- _Data excerpts_
"""

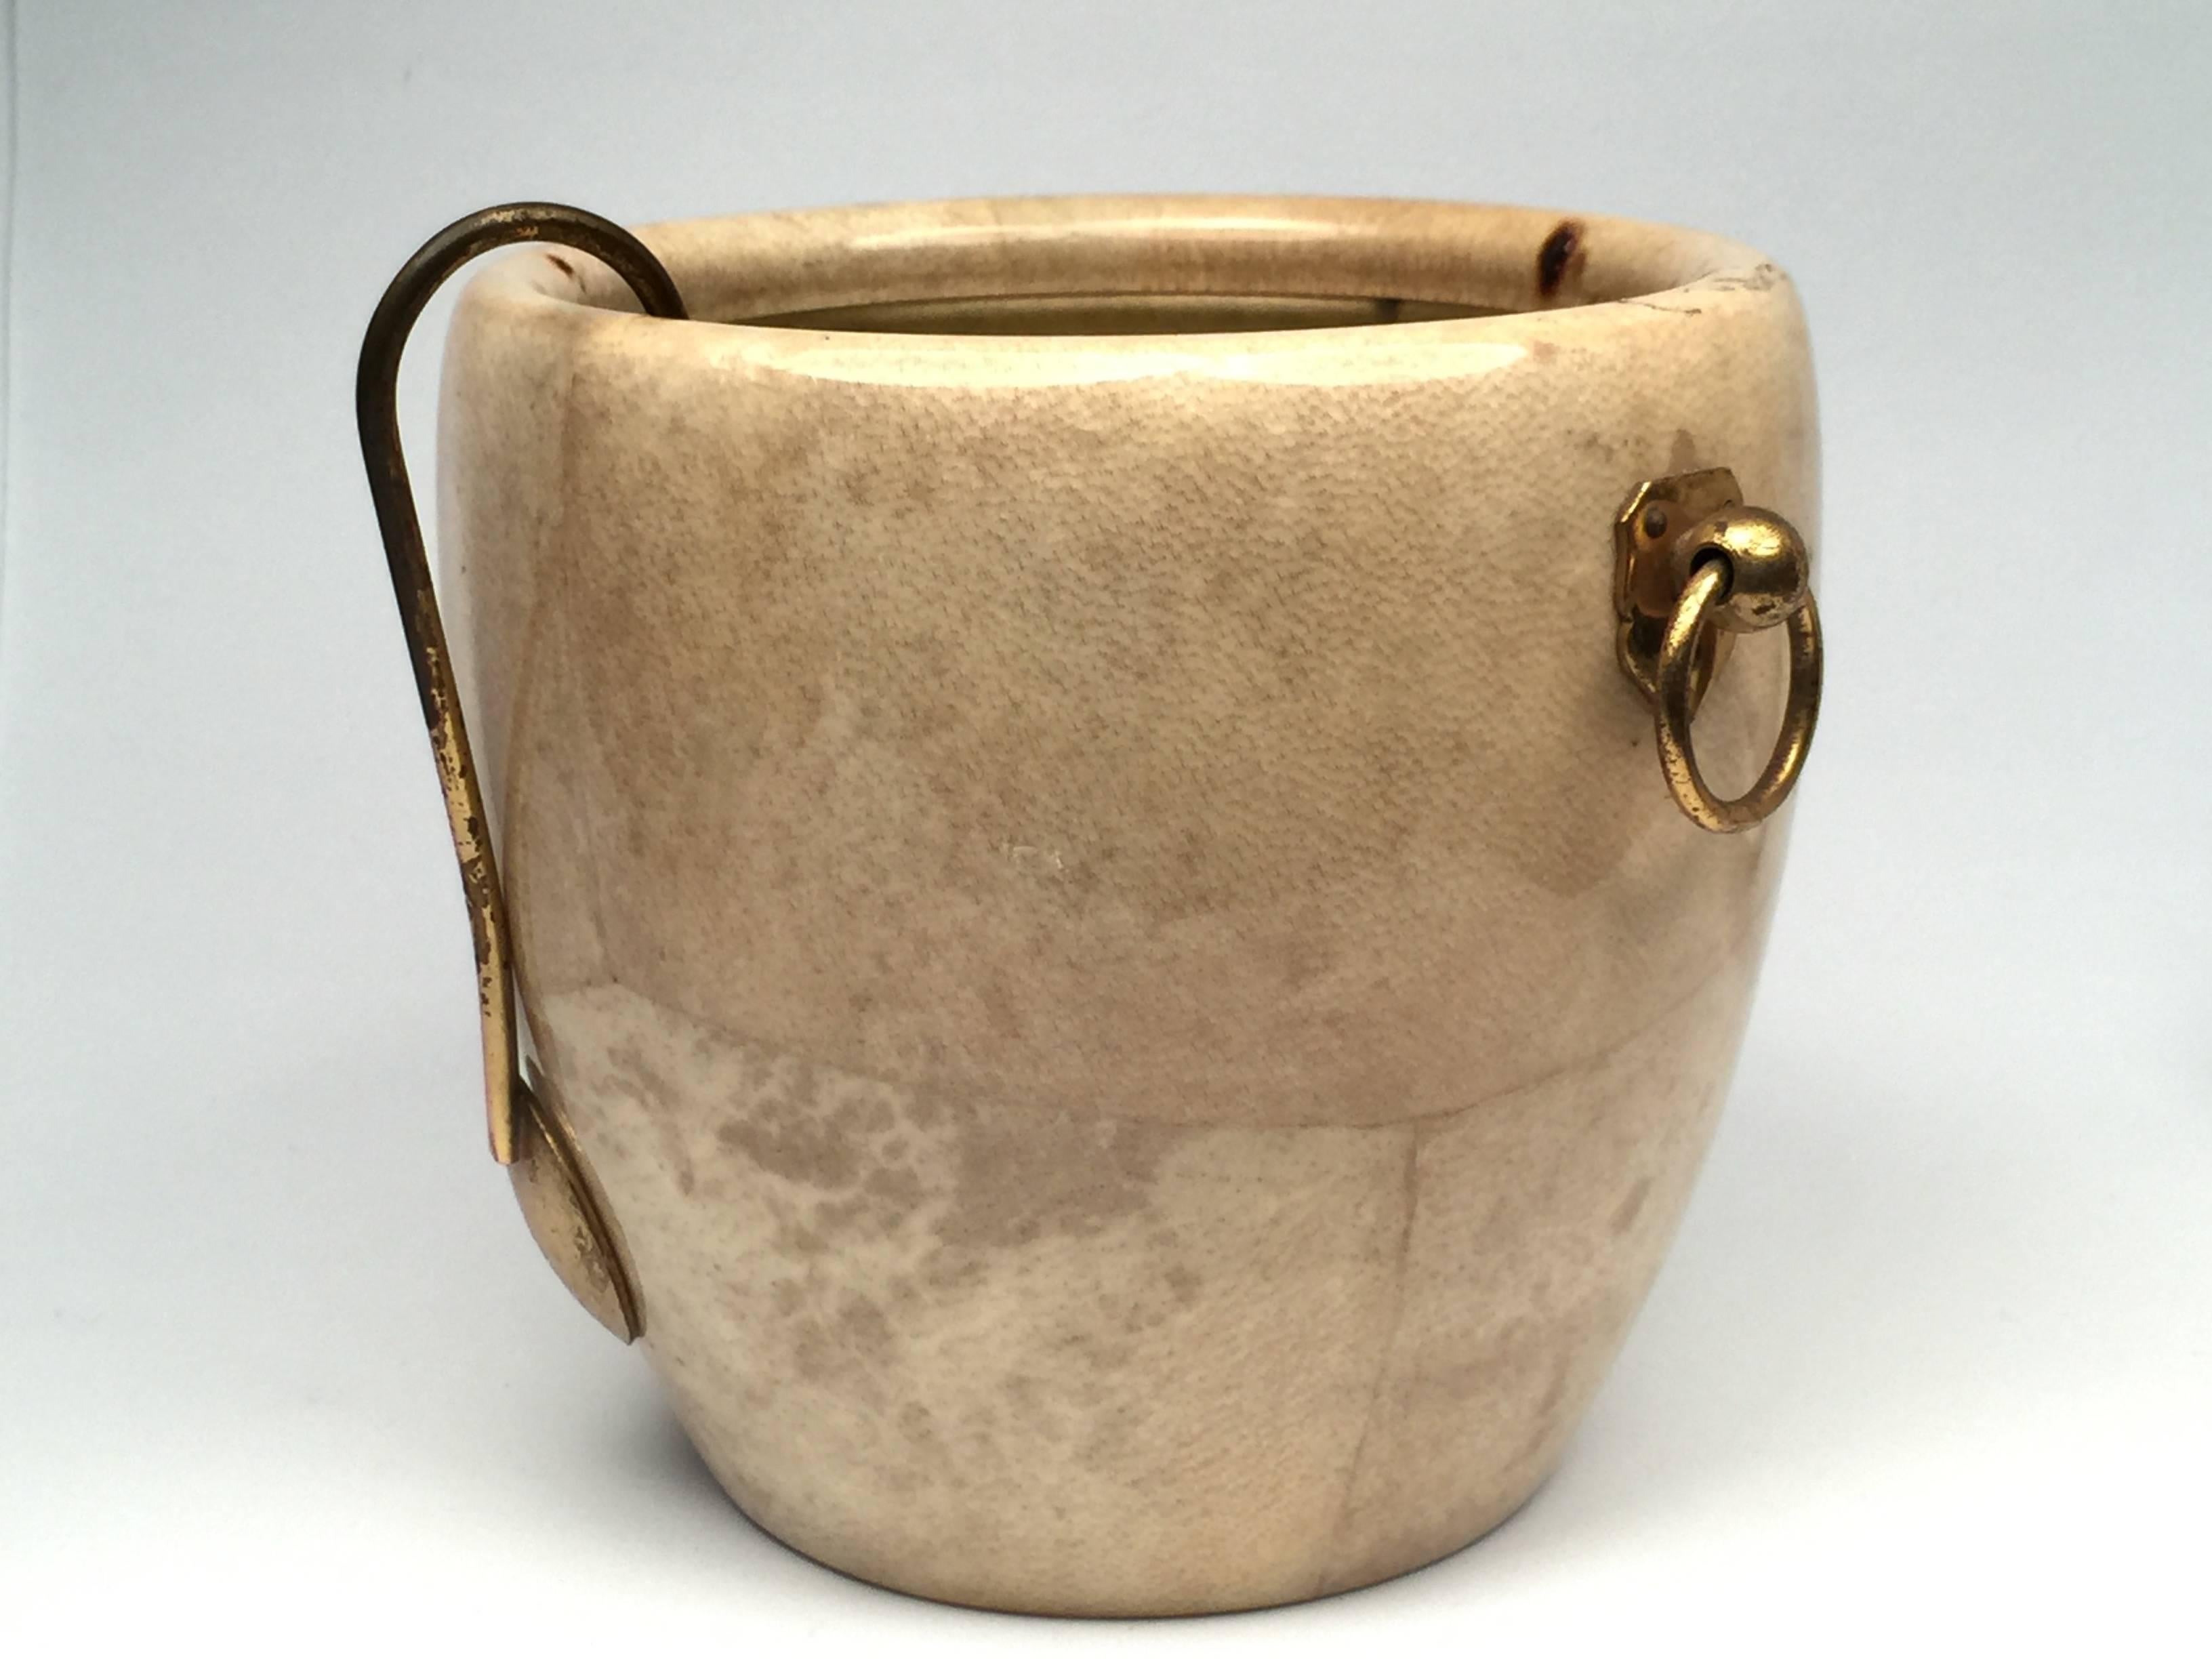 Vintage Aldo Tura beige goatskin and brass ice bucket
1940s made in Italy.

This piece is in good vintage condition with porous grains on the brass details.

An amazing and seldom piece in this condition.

"""
"""

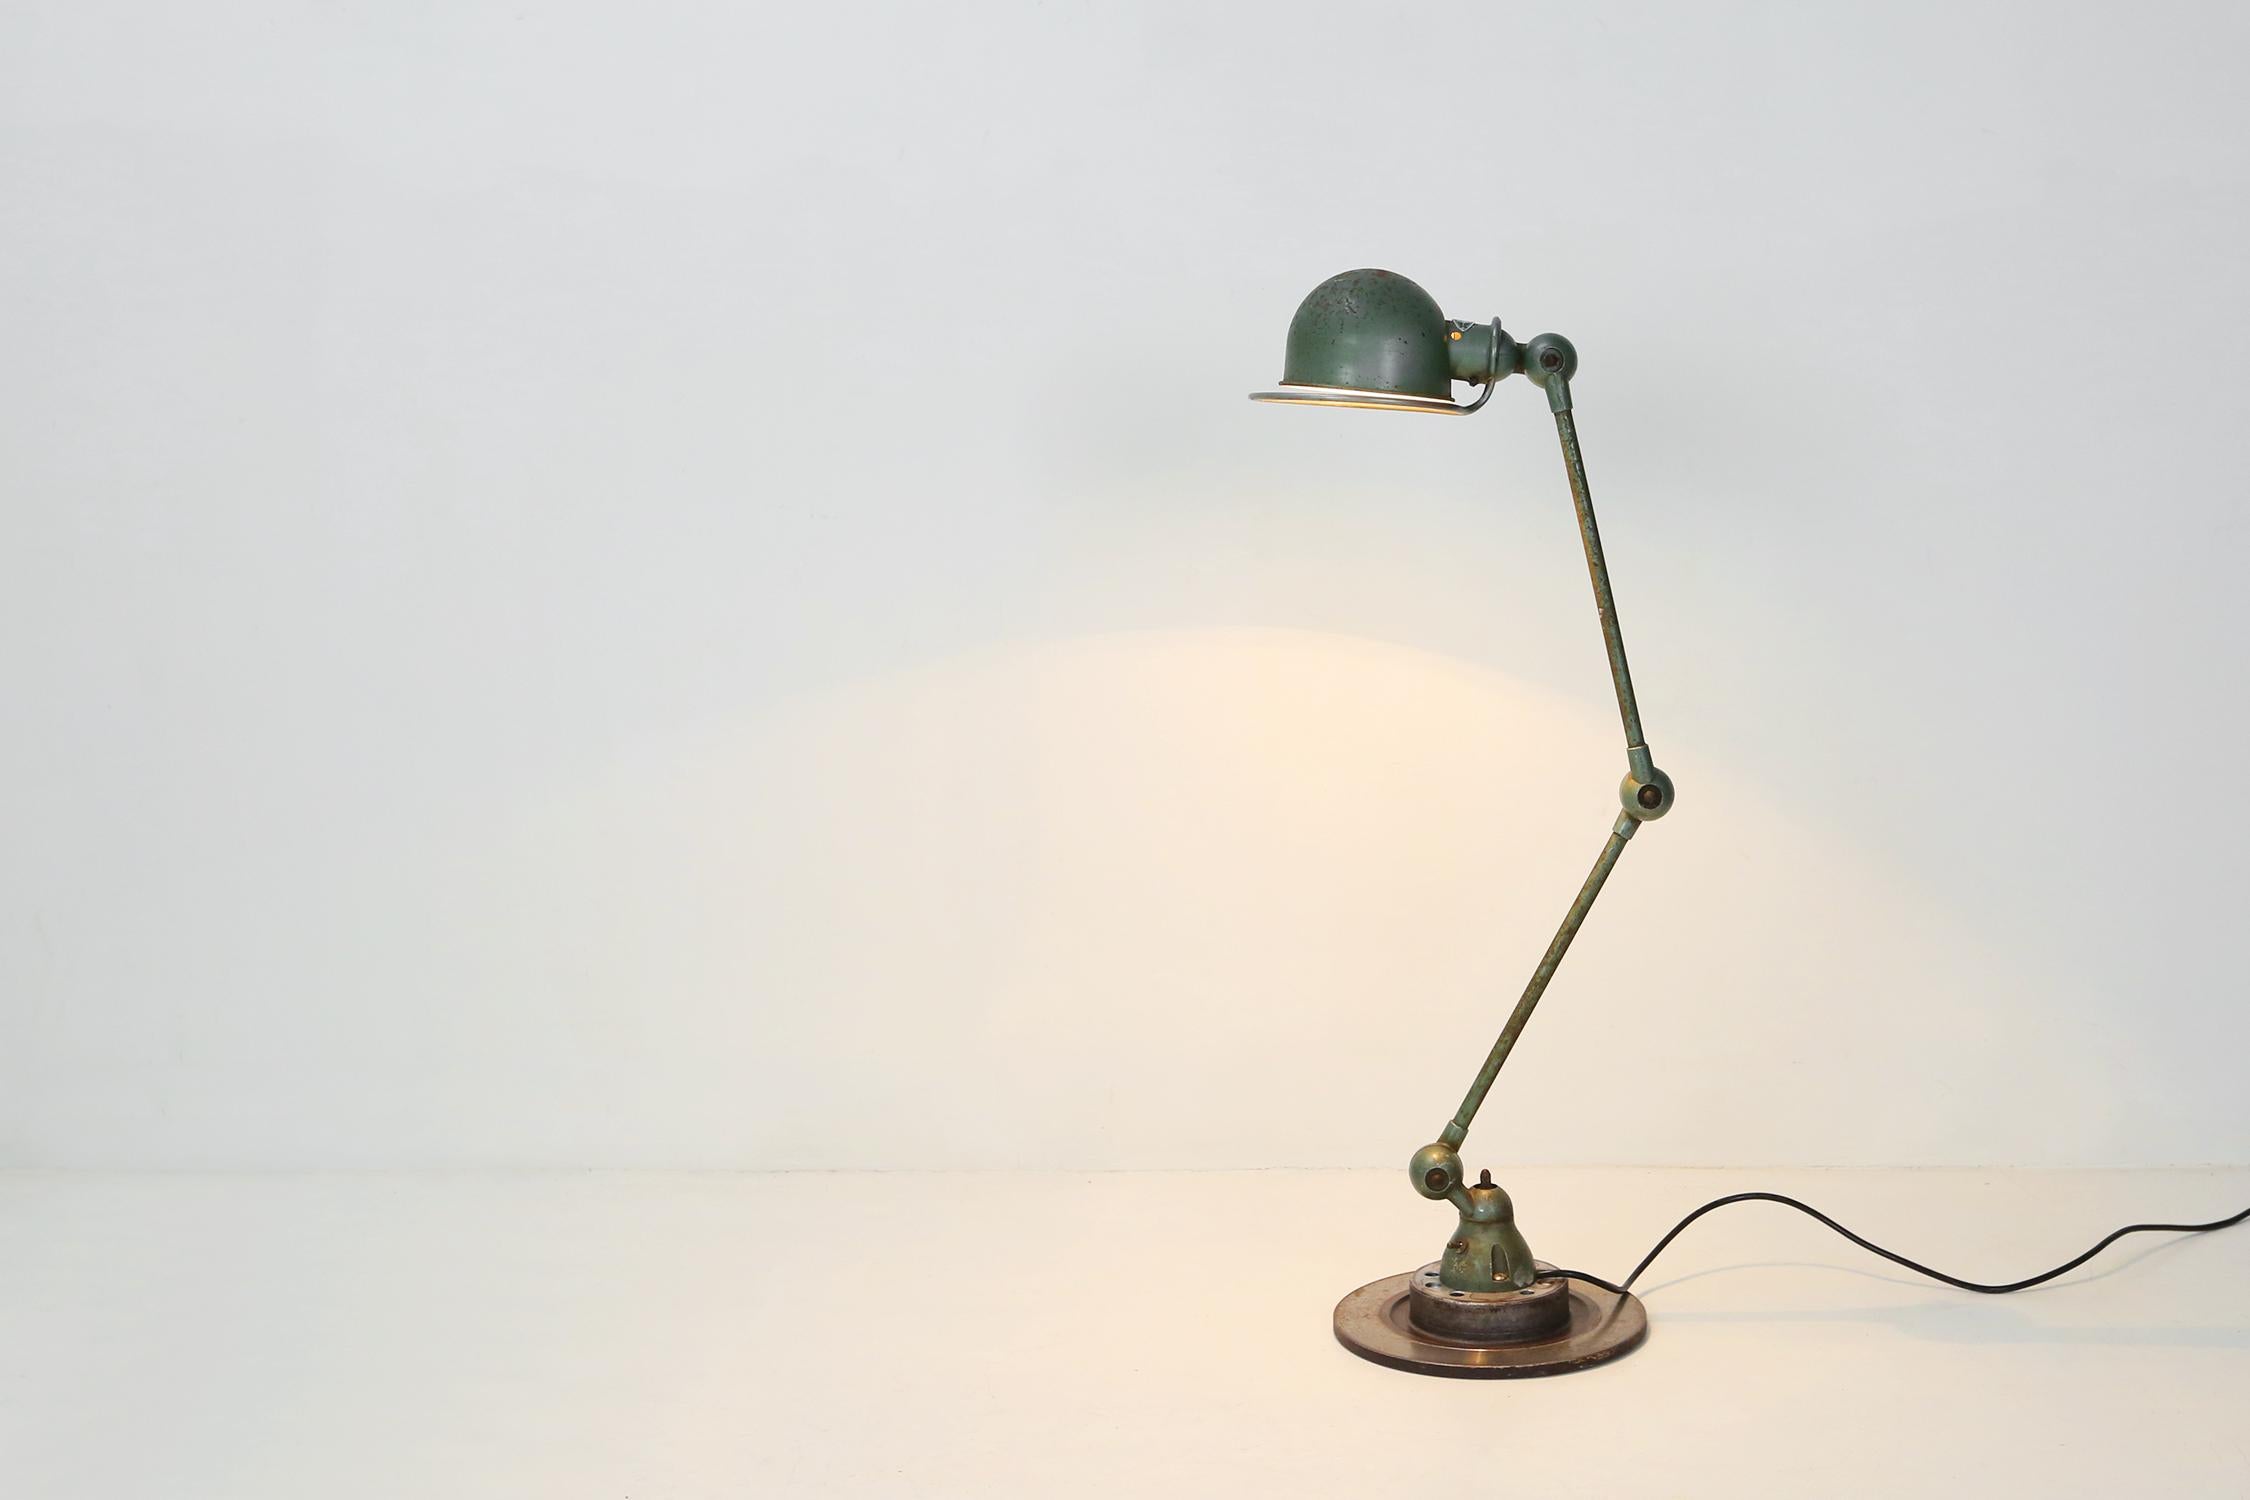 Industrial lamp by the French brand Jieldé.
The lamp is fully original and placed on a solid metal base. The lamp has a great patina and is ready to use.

"""

- _Exercise details_
Scan the lines above, and whenever one holds the string "condition", copy it.

- _Task response_
This piece is in good vintage condition with porous grains on the brass details.
An amazing and seldom piece in this condition.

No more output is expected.